• [DATA PROVIDED]
***
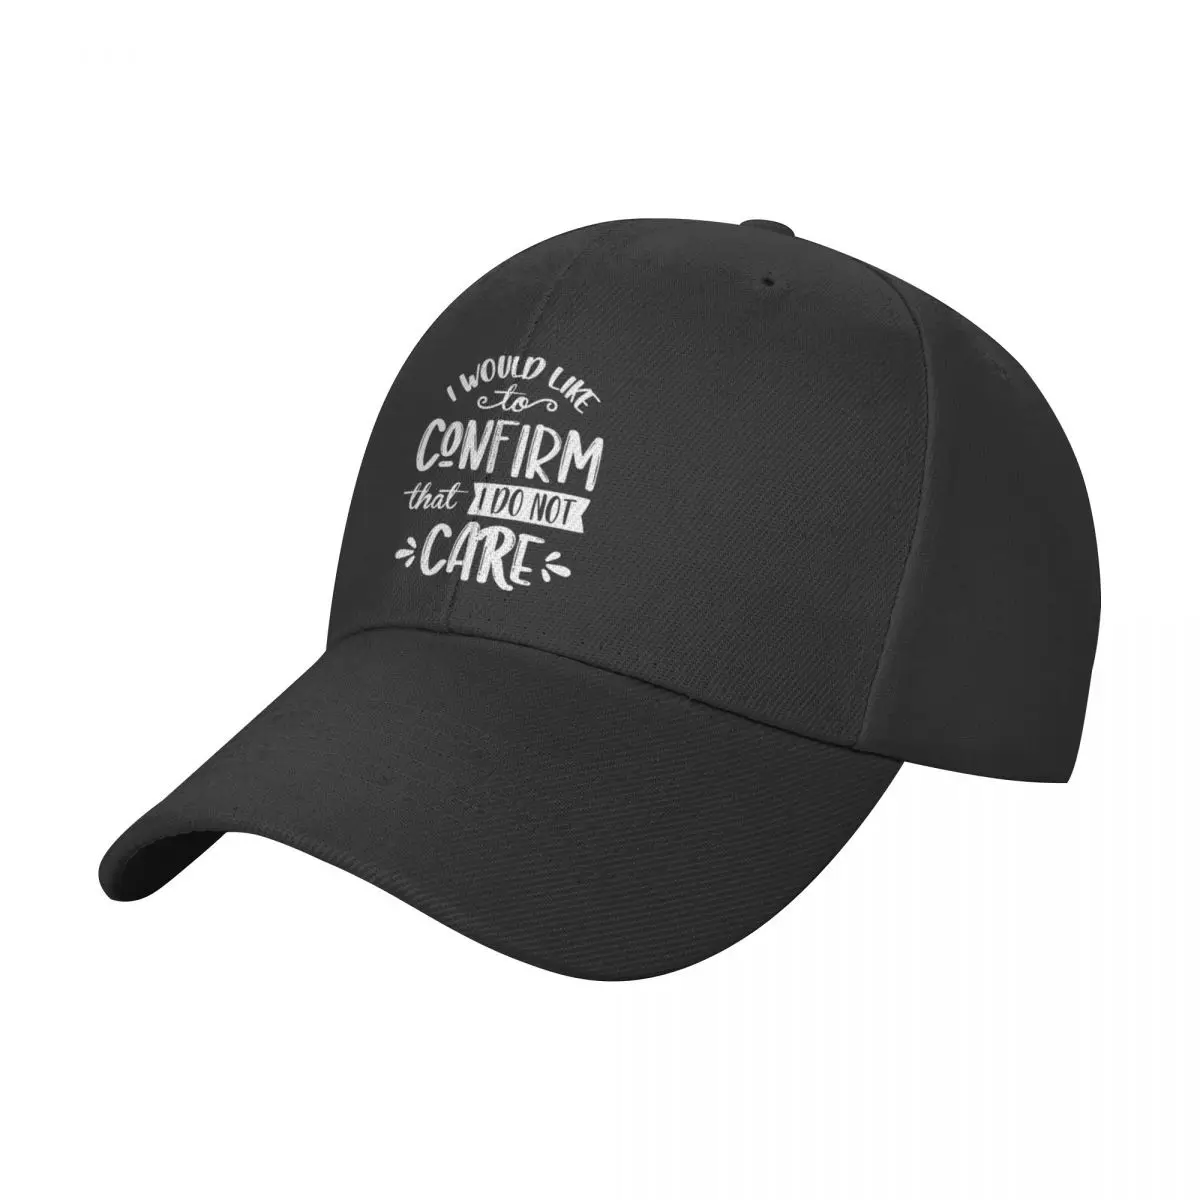 

I Would Like To Confirm That I Do Not Care - Funny Sarcastic Quotes Baseball Cap summer hat Men Caps Women's
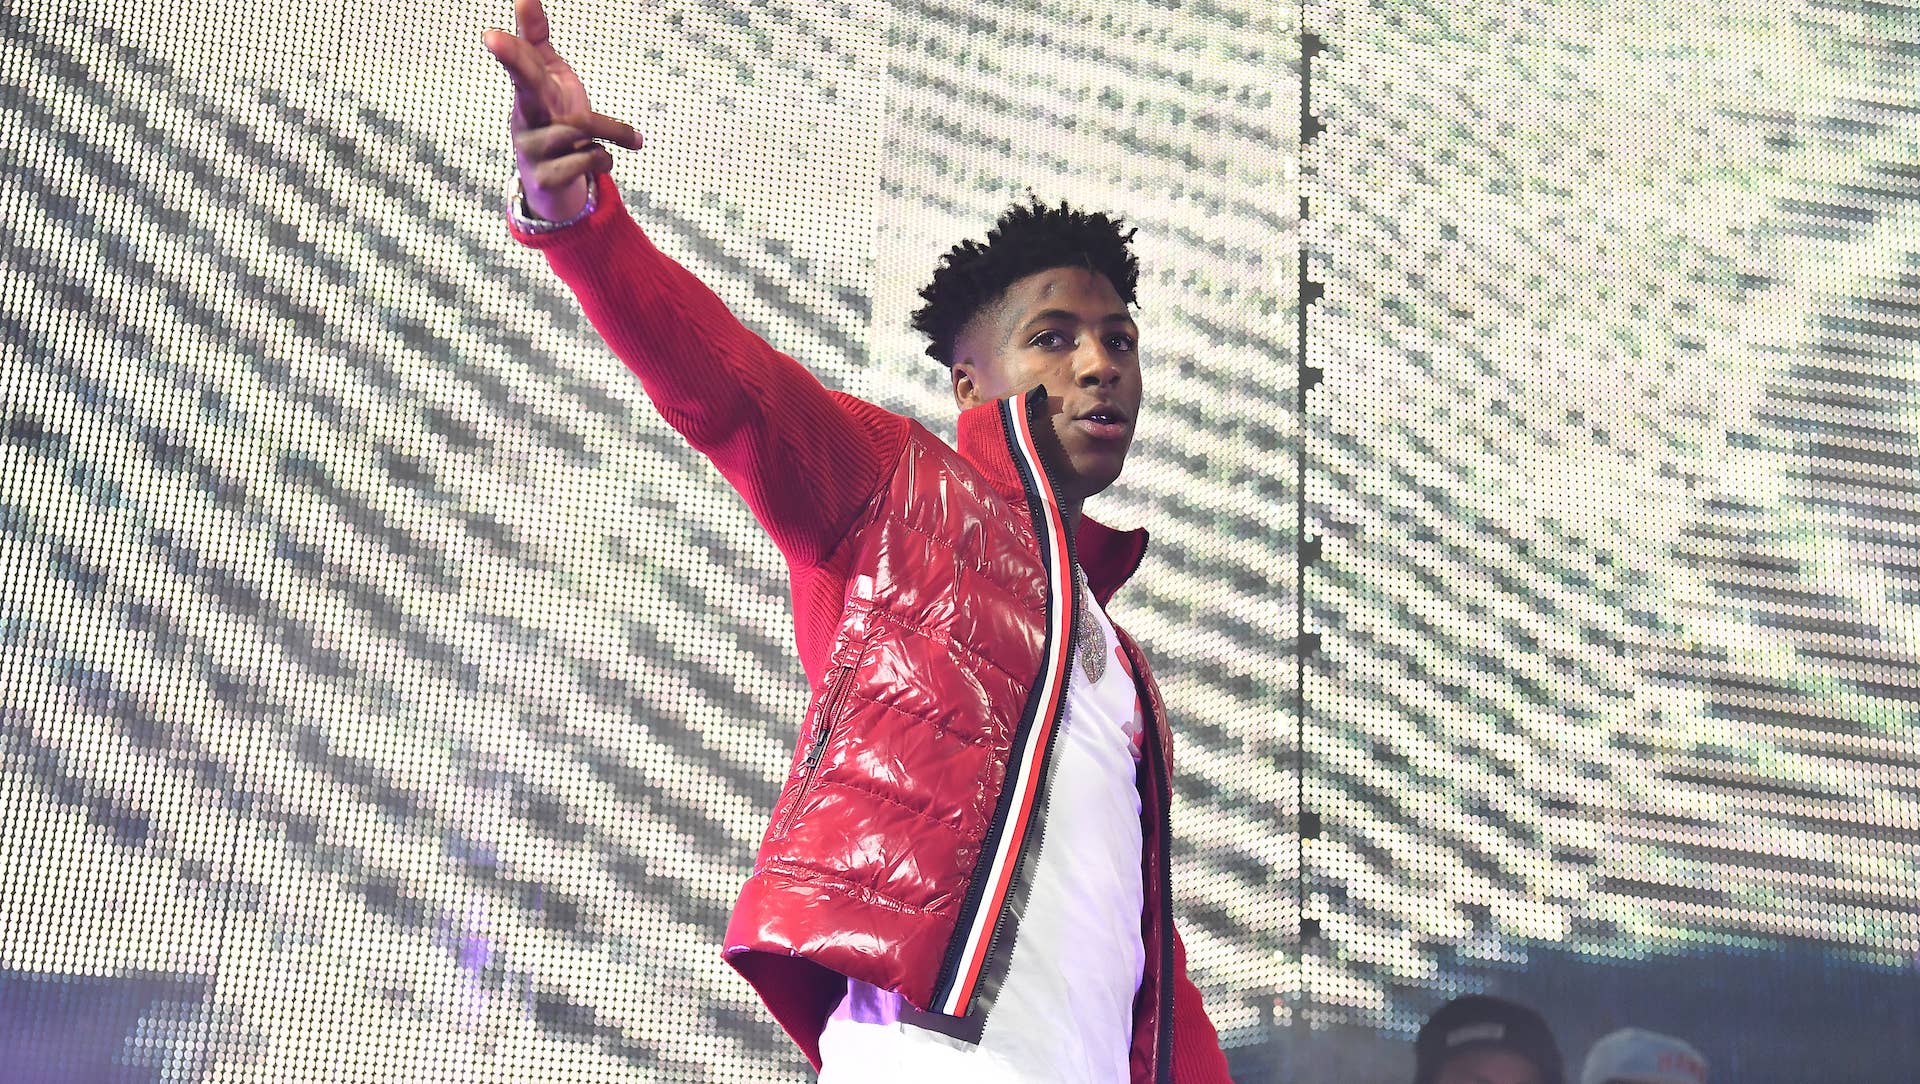 NBA YoungBoy performs onstage during Lil Baby & Friends concert
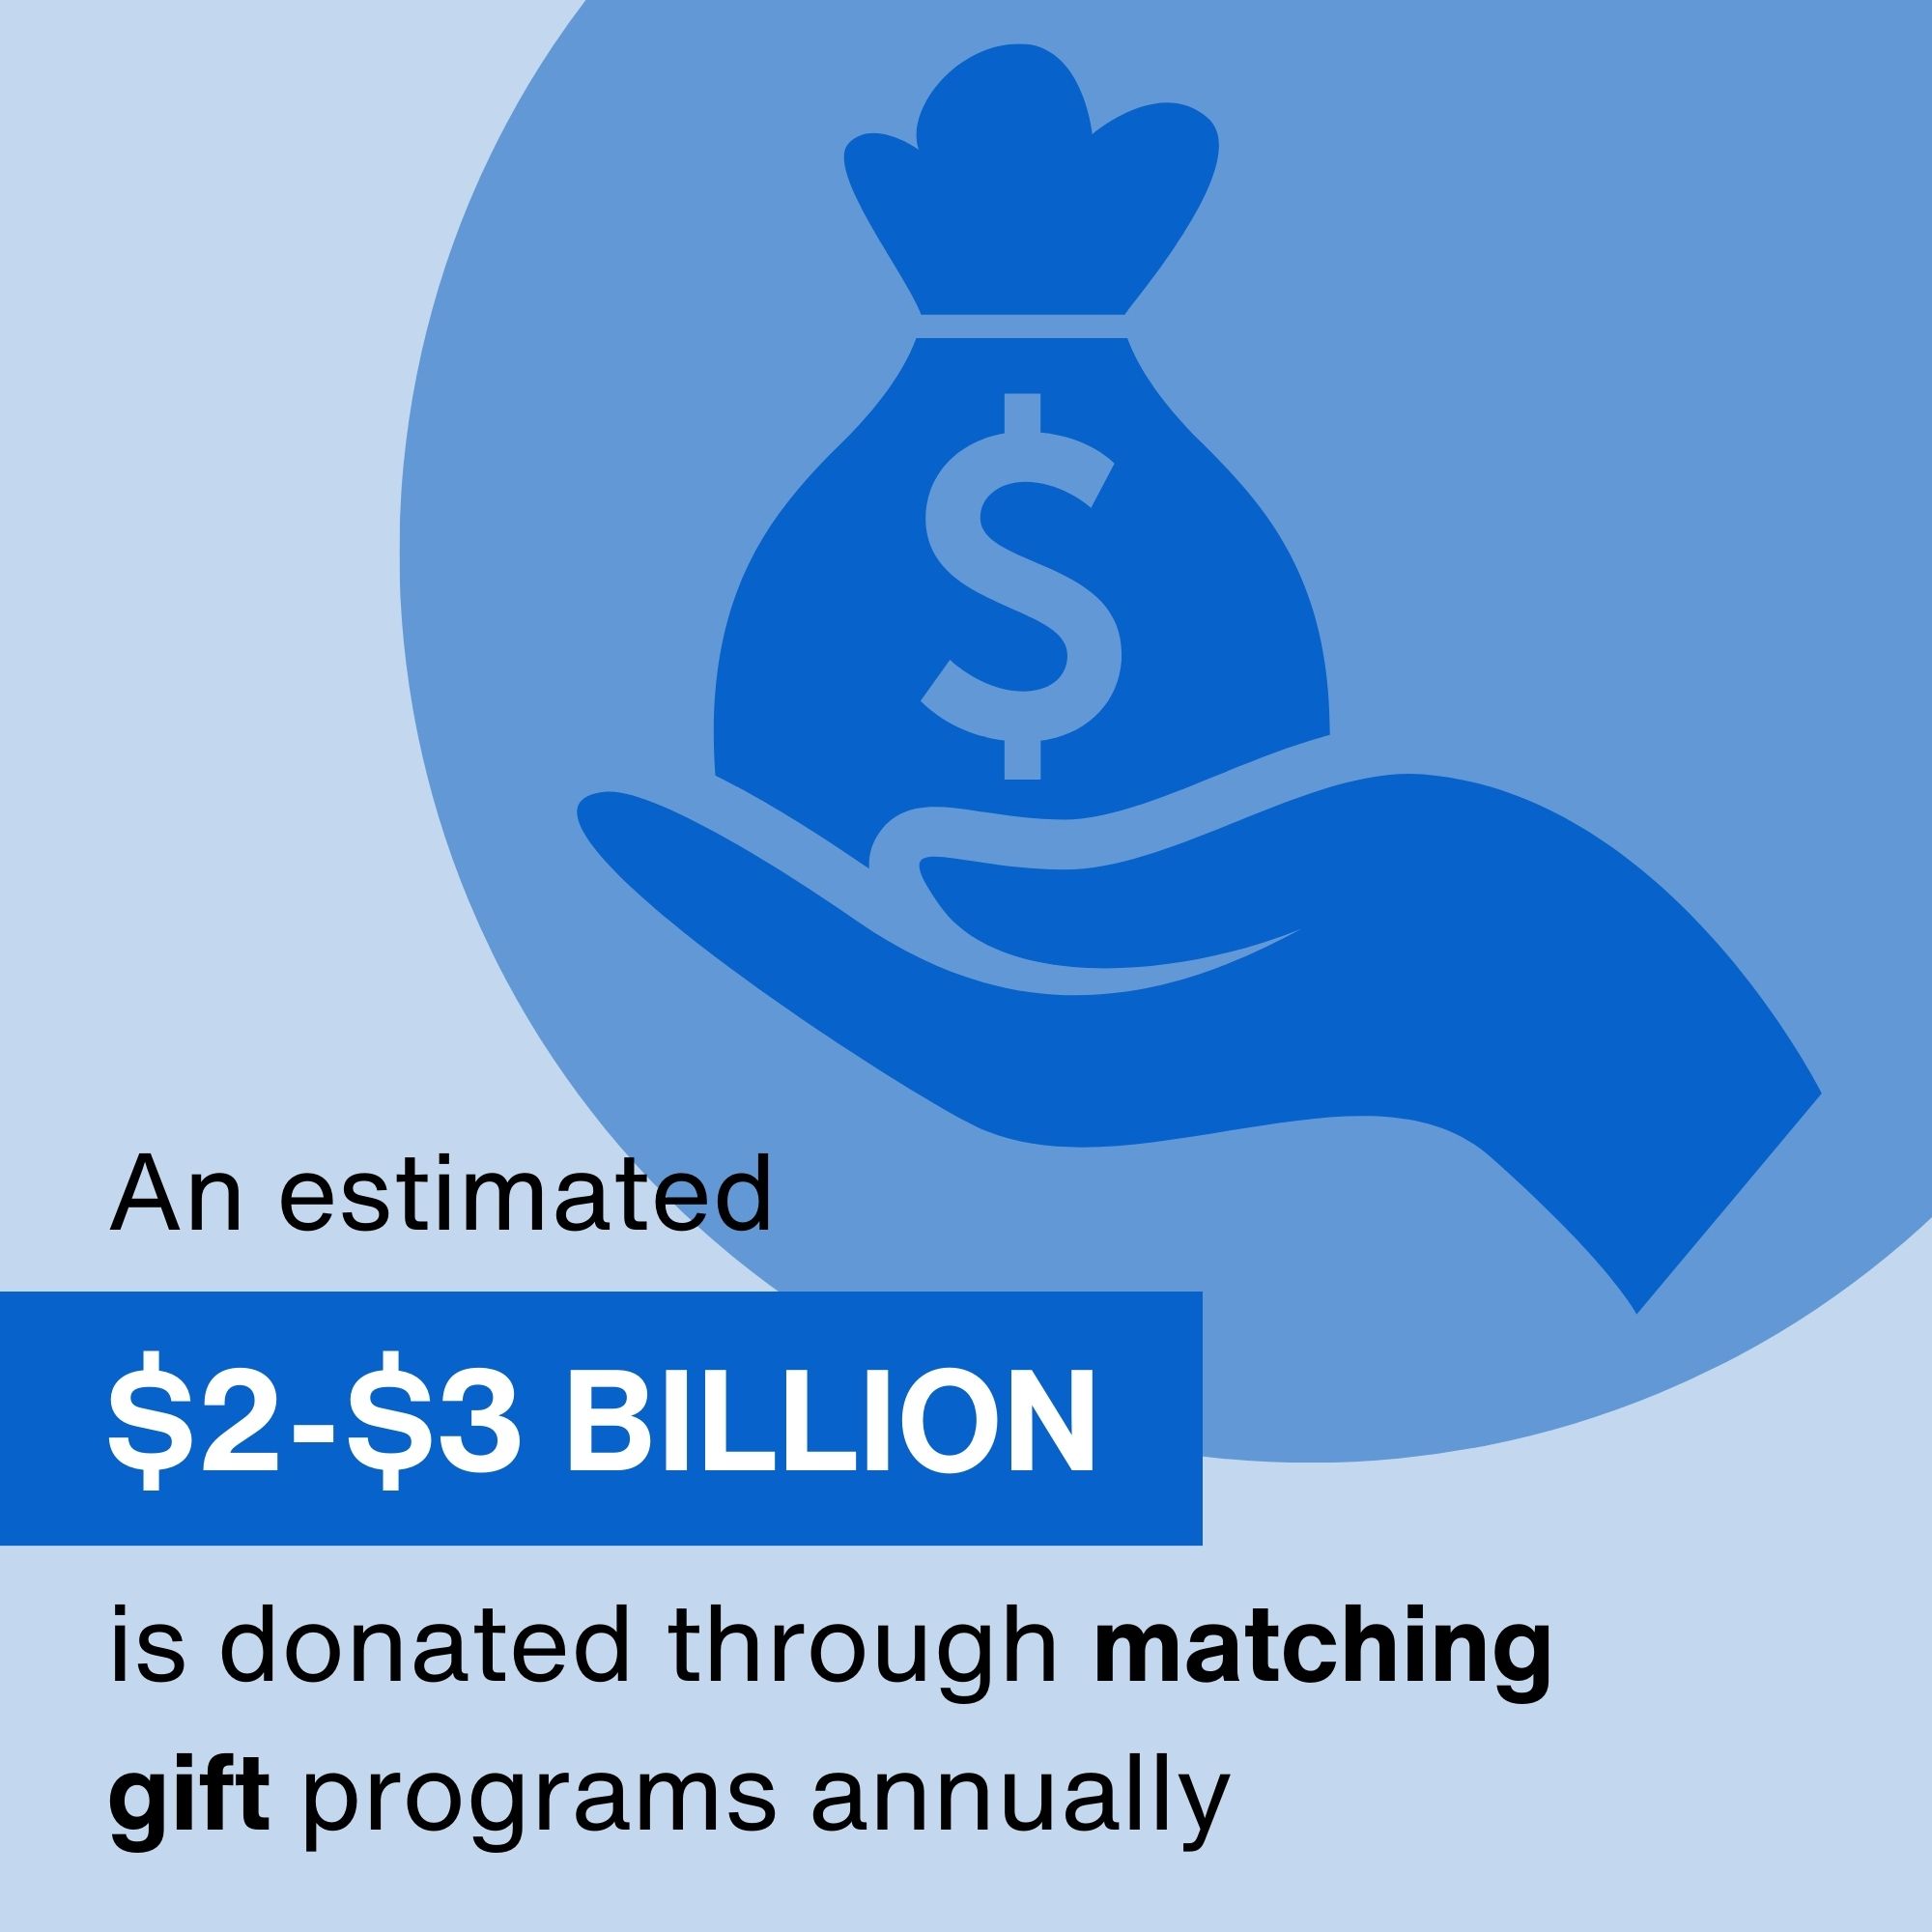 An estimated $2-$3 billion is donated through matching gift programs annually
***
• [PROMPT] If pictures appear in the data, omit them and copy all other parts exactly.

• [YOUR SOLUTION]
I Would Like To Confirm That I Do Not Care - Funny Sarcastic Quotes Baseball Cap summer hat Men Caps Women's
 NBA YoungBoy performs onstage during Lil Baby & Friends concert
 An estimated $2-$3 billion is donated through matching gift programs annually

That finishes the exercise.